Abstract

Robust arguments predict that a hadron-quark mixed phase may exist in the cores of some "neutron" stars. Such a phase forms a crystalline lattice with a shear modulus higher than that of the crust due to the high density and charge separation, even allowing for the effects of charge screening. This may lead to strong continuous gravitational-wave emission from rapidly rotating neutron stars and gravitational-wave bursts associated with magnetar flares and pulsar glitches. We present the first detailed calculation of the shear modulus of the mixed phase. We describe the quark phase using the bag model plus first-order quantum chromodynamics corrections and the hadronic phase using relativistic mean-field models with parameters allowed by the most massive pulsar.

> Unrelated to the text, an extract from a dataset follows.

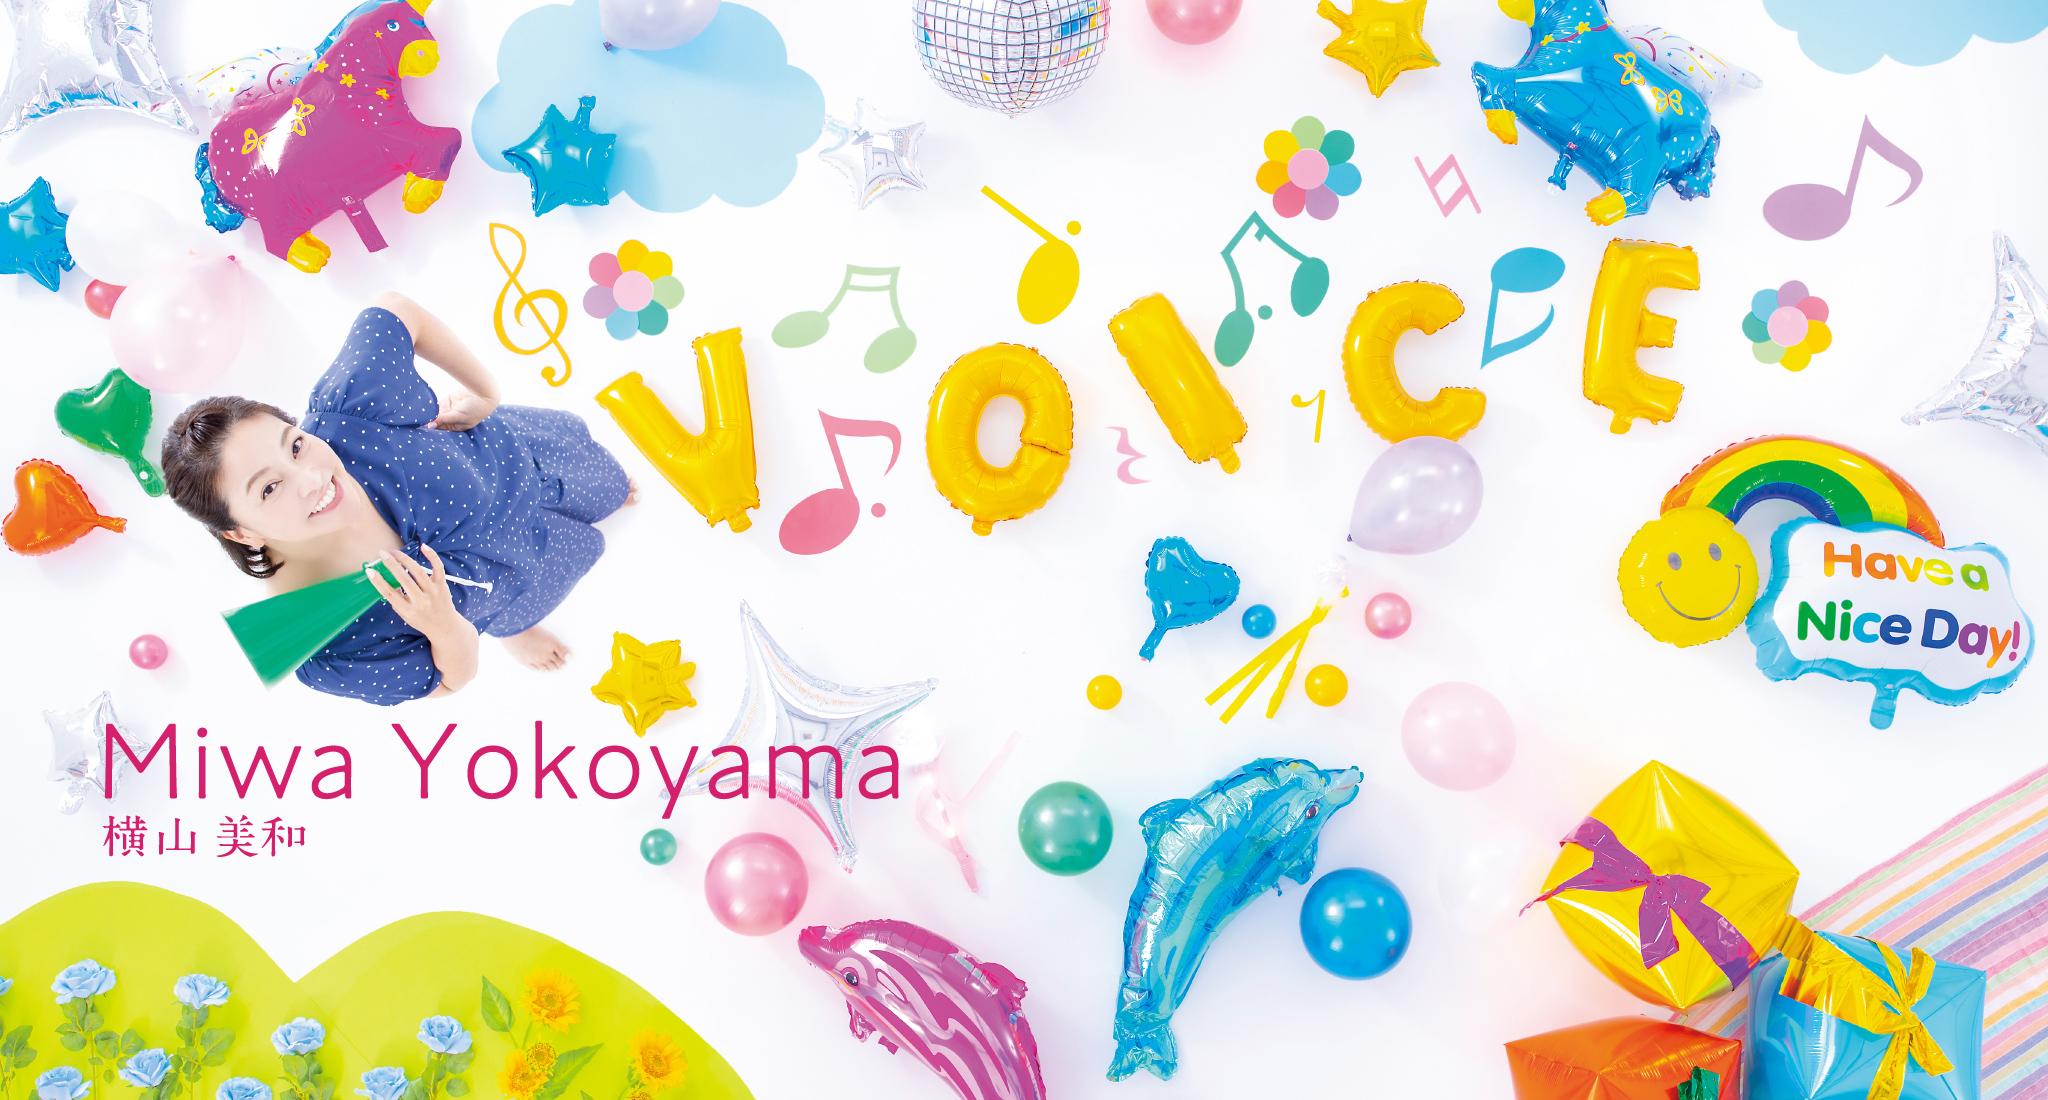 Miwa Yokoyama 横山美和

Most of the calculation involves treating the "pasta phases" of the lattice via dimensional continuation, and we give a general method for computing dimensionally continued lattice sums including the Debye model of charge screening. We compute all the shear components of the elastic modulus tensor and angle average them to obtain the effective (scalar) shear modulus for the case where the mixed phase is a polycrystal. We include the contributions from changing the cell size, which are necessary for the stability of the lower-dimensional portions of the lattice. Stability also requires a minimum surface tension, generally tens of MeV/fm^2 depending on the equation of state. We find that the shear modulus can be a few times 10^33 erg/cm^3, two orders of magnitude higher than the first estimate, over a significant fraction of the maximum mass stable star for certain parameter choices.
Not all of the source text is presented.